Books Spark Joy with Meredith Appleyard
This week's post is from Australian Rural Romance author Meredith Appleyard.
Meredith has four published novels: The Country Practice (2015), The Doctor Calling (2016) , No Job for a Girl (2017), and Home At Last (2019). Her next manuscript is with the publisher and she’s working on another book. Meredith is lives with her husband and border collie Lily in the delightful Clare Valley wine-growing region of South Australia.
How beautiful is this cover for Home At Last?
You can find out more about Meredith and her books here.
Over to Meredith ...
One of my favourite quotes comes from Groucho Marx: ‘Outside of a dog a book is a man’s best friend. Inside a dog it’s too dark to read.’ I have a dog and about a thousand books. For me, a life without books and reading is, and always has been, unimaginable. It’s what drove me to write. I thought if I read enough books I’d eventually be able to write them. Sort of like a natural transition. Ha!
You’ll find my books on bookshelves and any other available surfaces. At any one time I’ll have three or four books on the go. However, these days, if a book hasn’t drawn me in after the first couple of chapters, I don’t persevere. Life is too short and there are too many books.
I don’t organise my books and because I’ve moved house many times, out of necessity I’ve parted with heaps of books over the years. And there are the ones I’ve loaned to others, never to be seen again. Alas, I have been guilty of the same transgression. I still have a copy of Donald Woods’ Cry Freedom, and I know I borrowed it from someone…
But books are for sharing and I do like to pass them on. I only keep the ones I think I might read again. And the availability of eBooks has had an impact on the number of books I buy. Being able to borrow them from the library is brilliant. I read a mix of print and digital.
These days crime would be my favourite genre. There are some fabulous Australian crime writers out there. Jane Harper’s The Lost Man stayed with me for days after I’d finished reading it.

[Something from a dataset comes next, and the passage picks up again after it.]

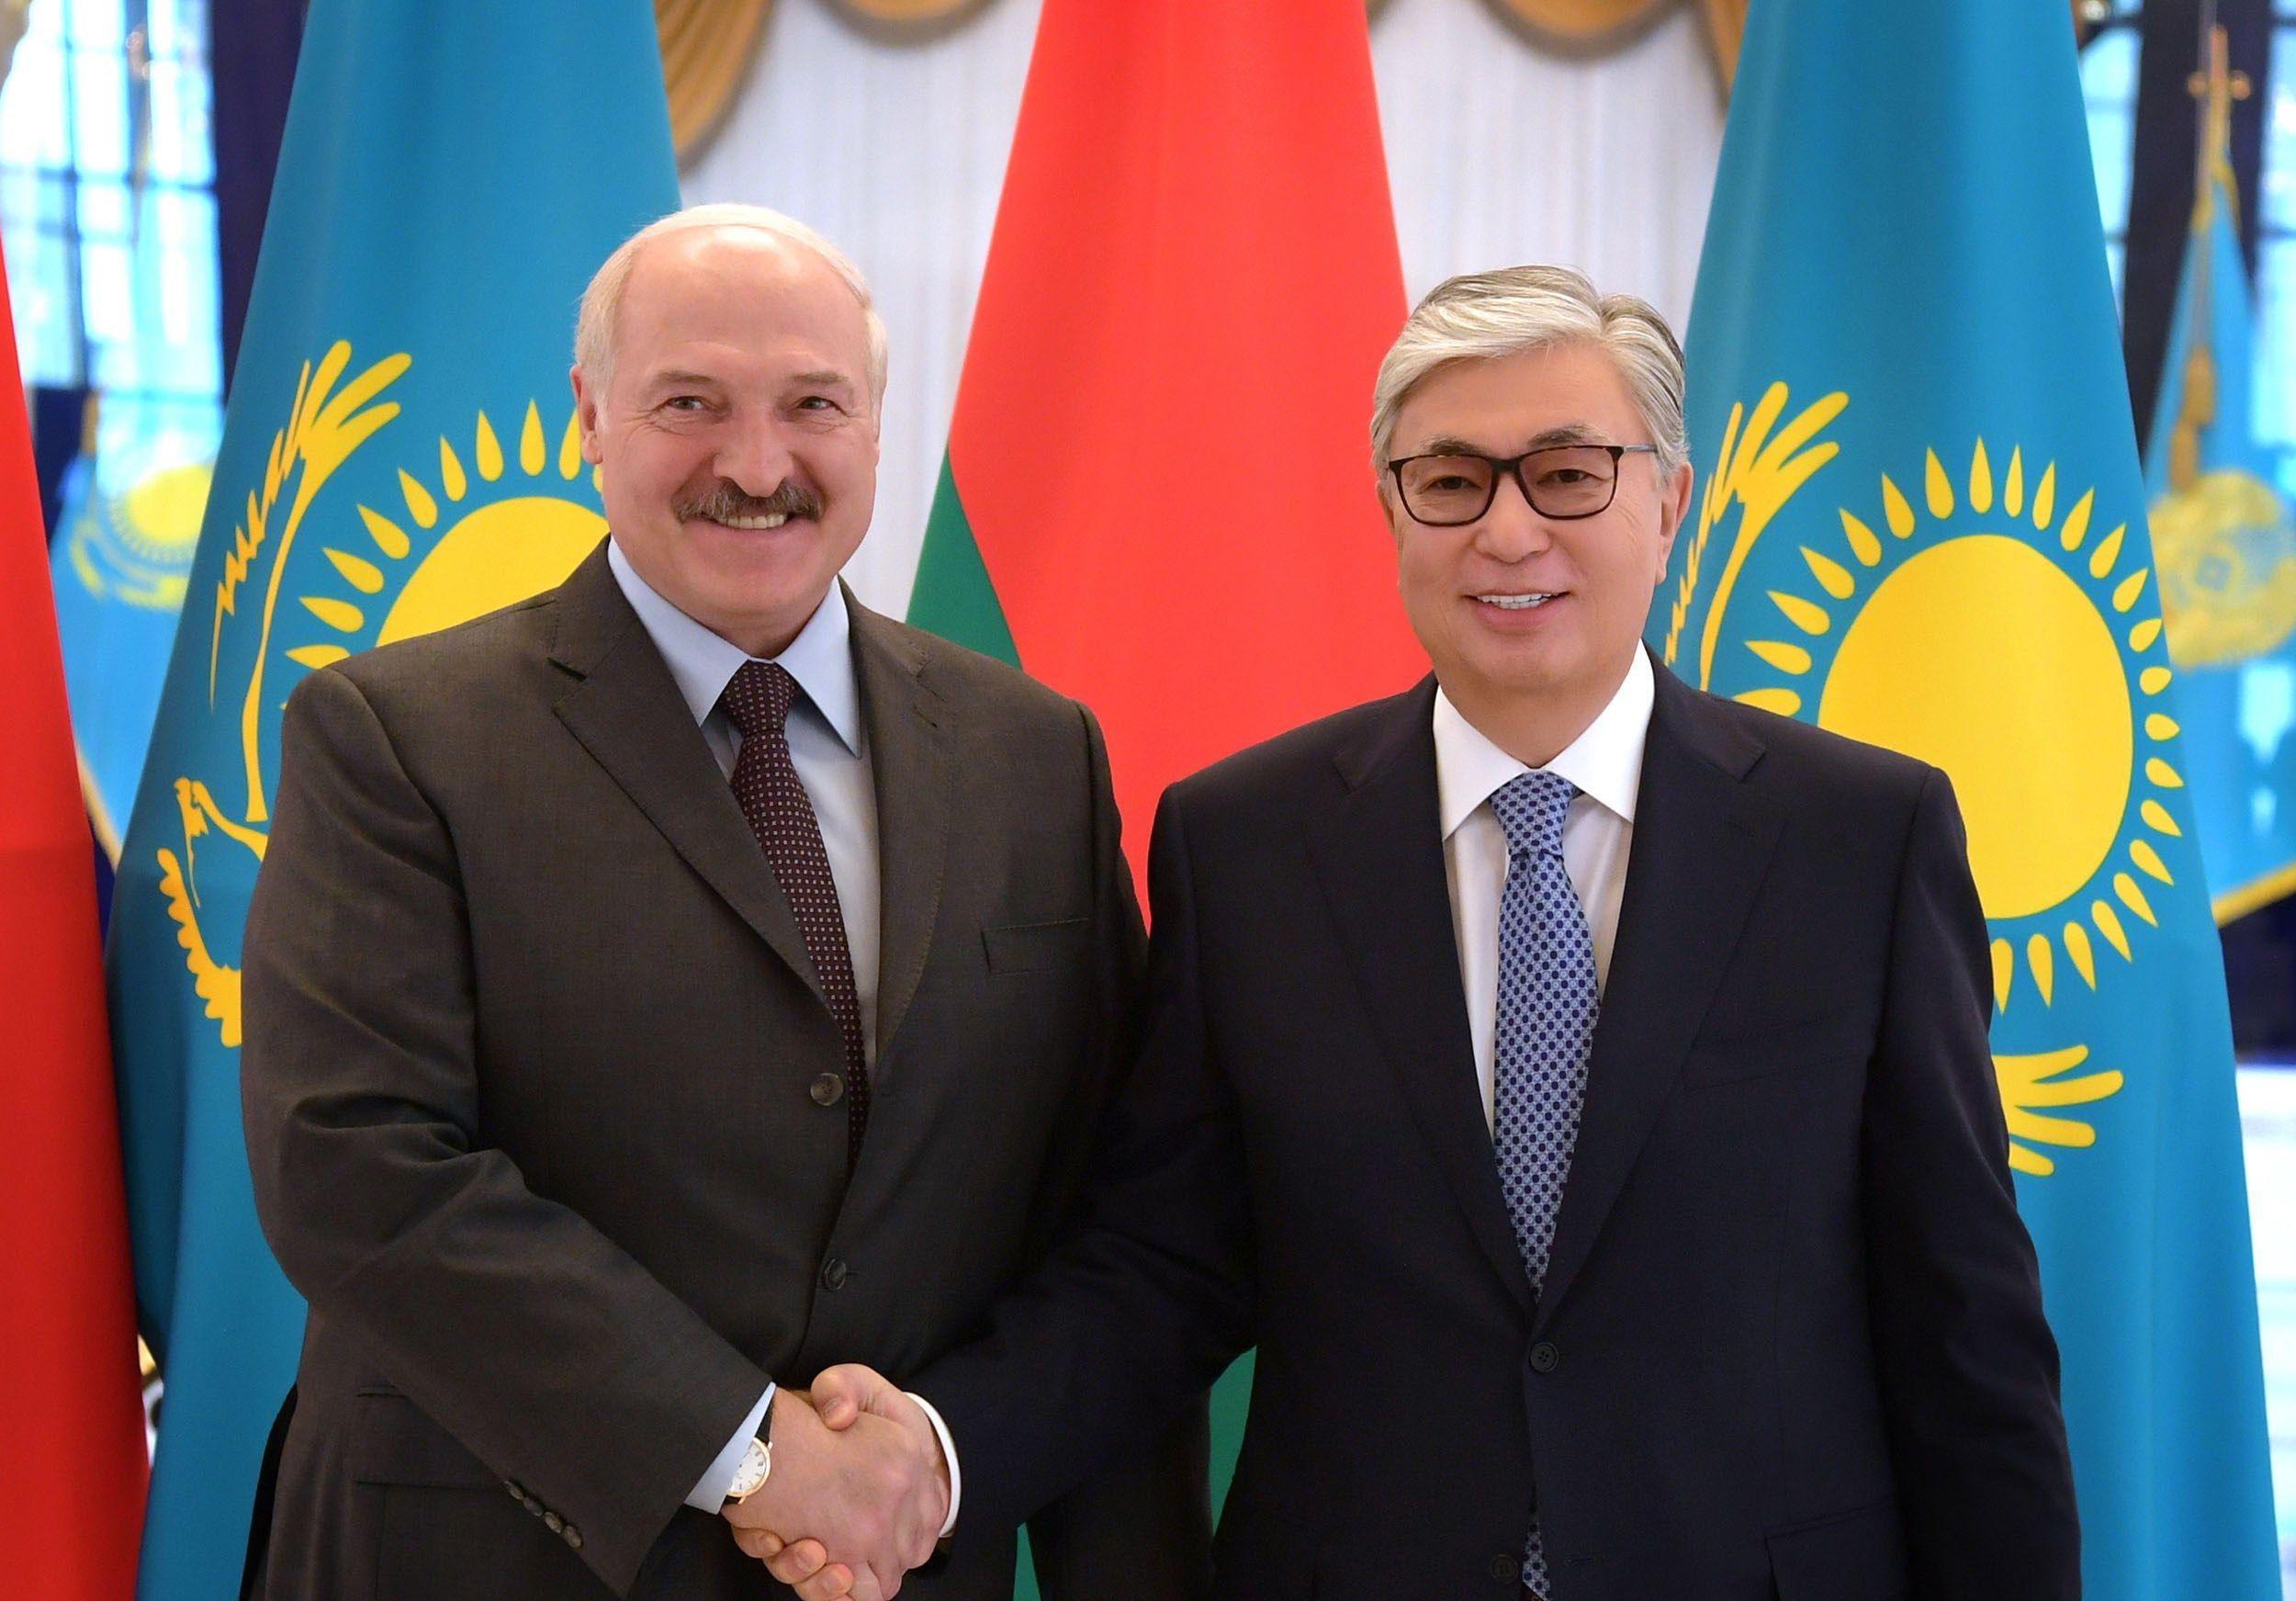 Касым-Жомарт Токаев встретился с президентами Беларуси и Кыргызстана - Kapital.kz

The book that always sparks joy in me is Trade Wind by MM Kaye. It is a wonderful story written in the early 60s and set in an exotic mid-19th century Zanzibar. I don’t remember the first time I read it but I’ve enjoyed it many times since and get a warm fuzzy feeling when I think about repeating the experience. It’s my treat for those lazy days between Christmas and New Year when everyone else is watching sport.
Do I read while I’m working on my own books? Yes, of course. How else would I reward myself for making the days word-count! But I do stay away from reading similar stories to the ones I write.